With glibc-2.2, the url is split correctly in scheme, authority,
and path.

Expected Results:
The same results with both versions.

Additional Information:
I'm not sure whether this change is intentional.
If so, perhaps it's already documented somewhere?

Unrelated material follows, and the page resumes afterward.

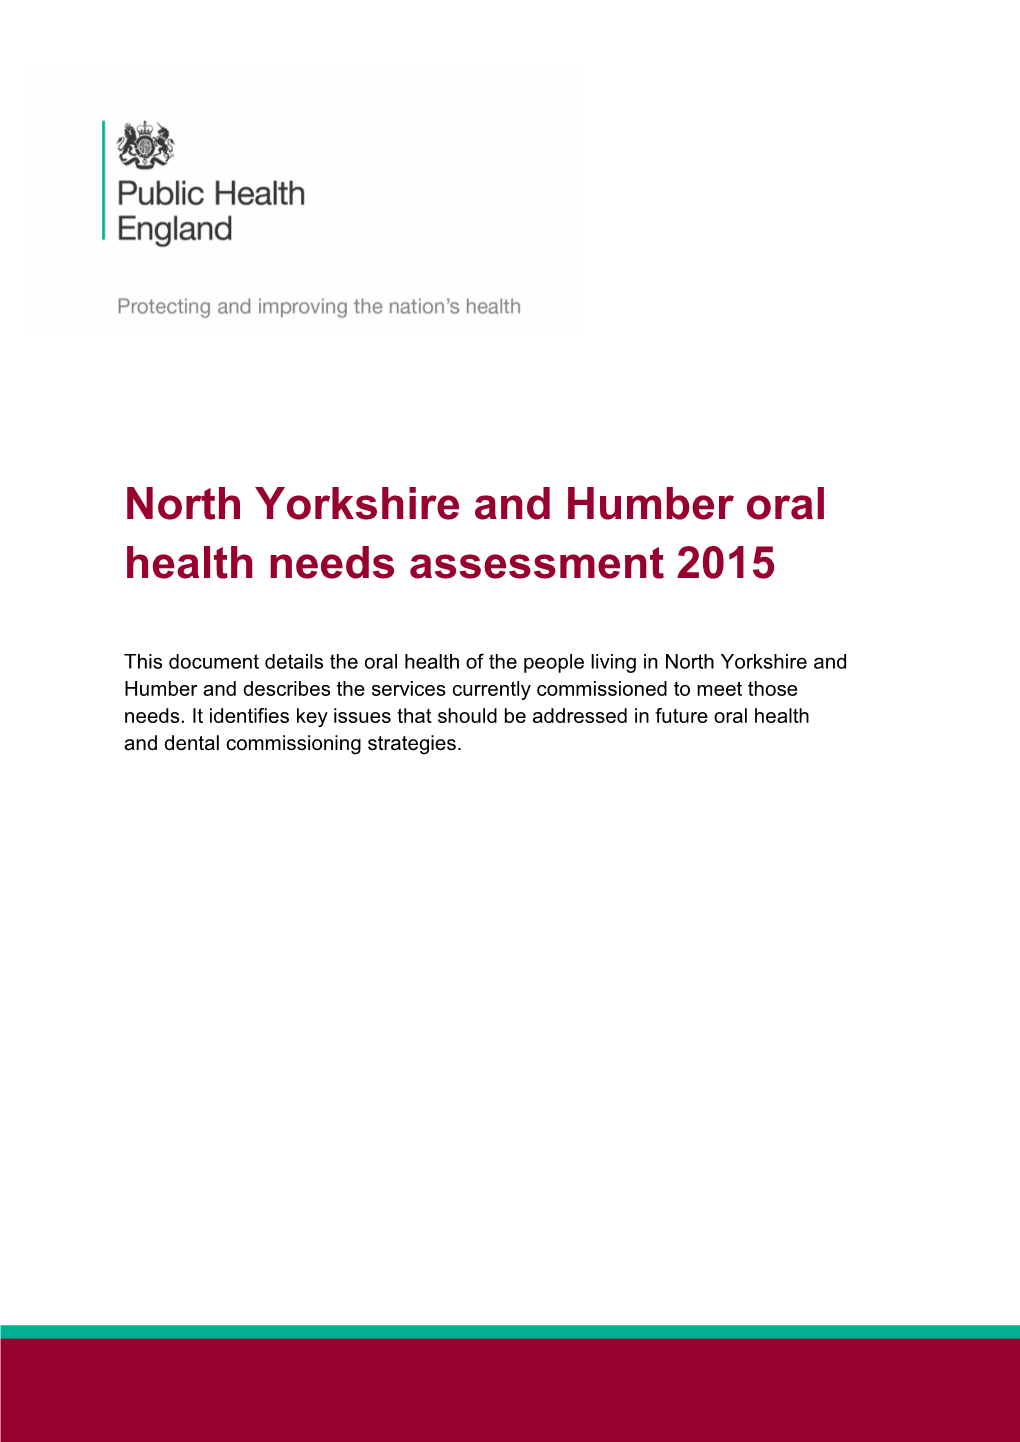 North Yorkshire and Humber Oral Health Needs Assessment 2015

Comment 1 Jakub Jelinek 2002-07-01 10:48:06 UTC
Guess you need to provide more details on how exactly you match against that
regexp and what you see, because I've tried to reproduce this with:
#include <sys/types.h>
#include <regex.h>
#include <locale.h>
#include <stdio.h>

int
main (int argc, char *argv[])
{
  regex_t re;
  regmatch_t mat[20];
  int i;

  if (setlocale (LC_ALL, "en_US.UTF-8") == NULL)
    puts ("cannot set locale");
  else if (regcomp (&re, "^(([^:/?#]+):)?(//([^/?#]*))?([^?#]*)(\\?([^#]*))?(#(.*))?", REG_EXTENDED) != REG_NOERROR)
    puts ("cannot compile expression \"[a-f]*\"");
  else if (regexec (&re, "http://www.redhat.com/rhn/", 20, mat, 0) == REG_NOMATCH)
    puts ("no match");
  else
    {
      for (i = 0; i < 20; ++i)
        if (mat[i].rm_so != -1)
          printf ("%d: %.*s\n", i, mat[i].rm_eo - mat[i].rm_so, "http://www.redhat.com/rhn/" + mat[i].rm_so);
    }
  return 0;
}

and get the expected result both on glibc-2.2.5-34 and glibc-2.2.90-14.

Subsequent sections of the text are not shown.